Marcel Winatschek

What the Opening Ceremony Won’t Show

The 22nd Winter Olympics opened in Sochi on February 7—which means the world spent that week watching Russia perform internationalism and sportsmanship for a global audience while, not far from the cameras, people were being beaten in the street for being gay.

Human Rights Watch published a video just before the Games began—footage of young men in Russia attacking LGBT people in public, filming the attacks themselves, posting the recordings online. The perpetrators weren’t hiding. Most were teenagers who seemed genuinely convinced they were doing something righteous. In their understanding, gay and bisexual people are sick, and violence is a reasonable treatment. Putin’s anti-gay propaganda law, passed in 2013, didn’t invent this attitude—it licensed it. It turned a prejudice into policy and policy into permission.
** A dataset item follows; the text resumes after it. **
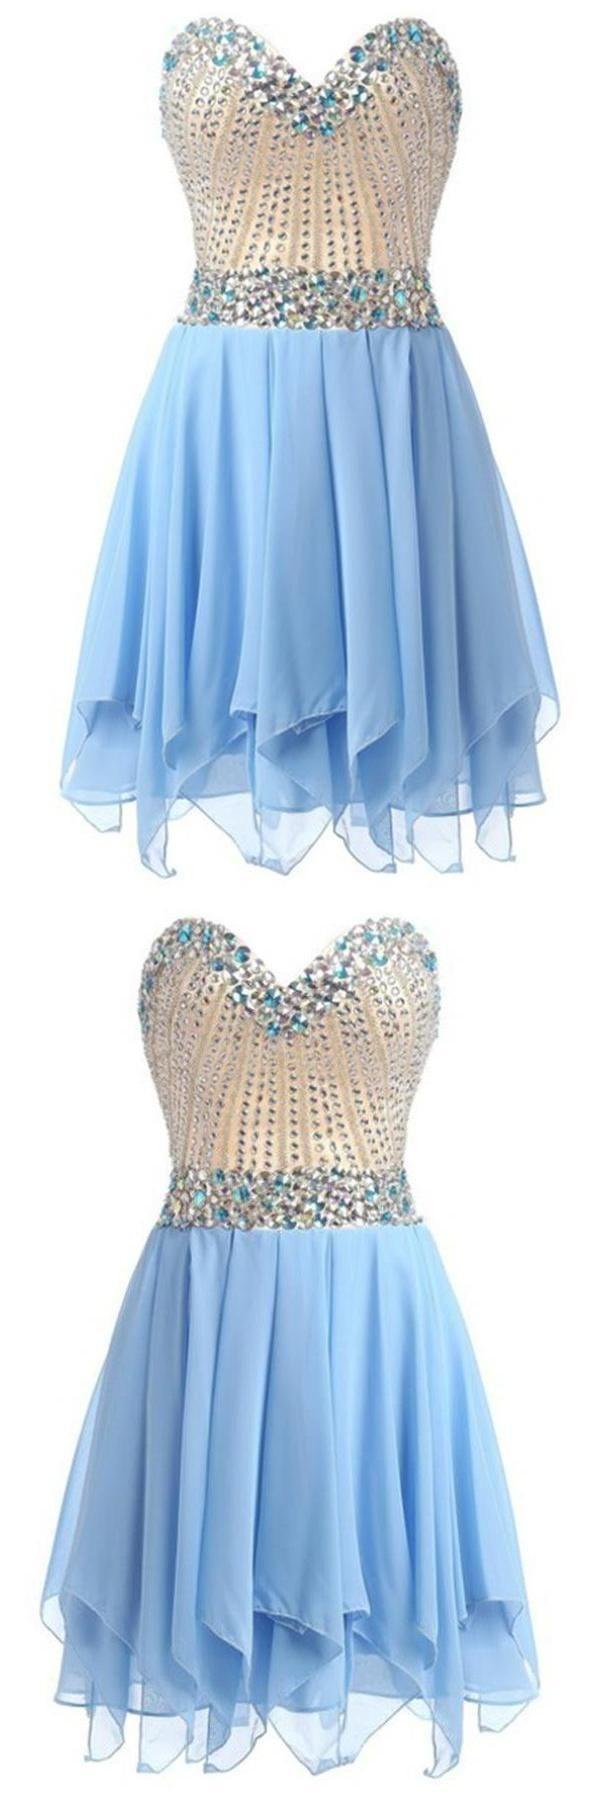 Cheap prom dresses cute prom dresses light blue prom dresses prom

The IOC chose Sochi anyway. The sponsors chose Sochi anyway. The athletes mostly came anyway, and I don’t entirely blame them—four years of training is four years of training, and it’s easy for the rest of us to say they should have stayed home. But the spectacle itself isn’t complicated. A country that beats people in the street and then lights a torch and asks the world to watch isn’t presenting an ambiguous proposition.

I watched some of the opening ceremony. The production values were extraordinary. You almost forget, for a few minutes, what you know.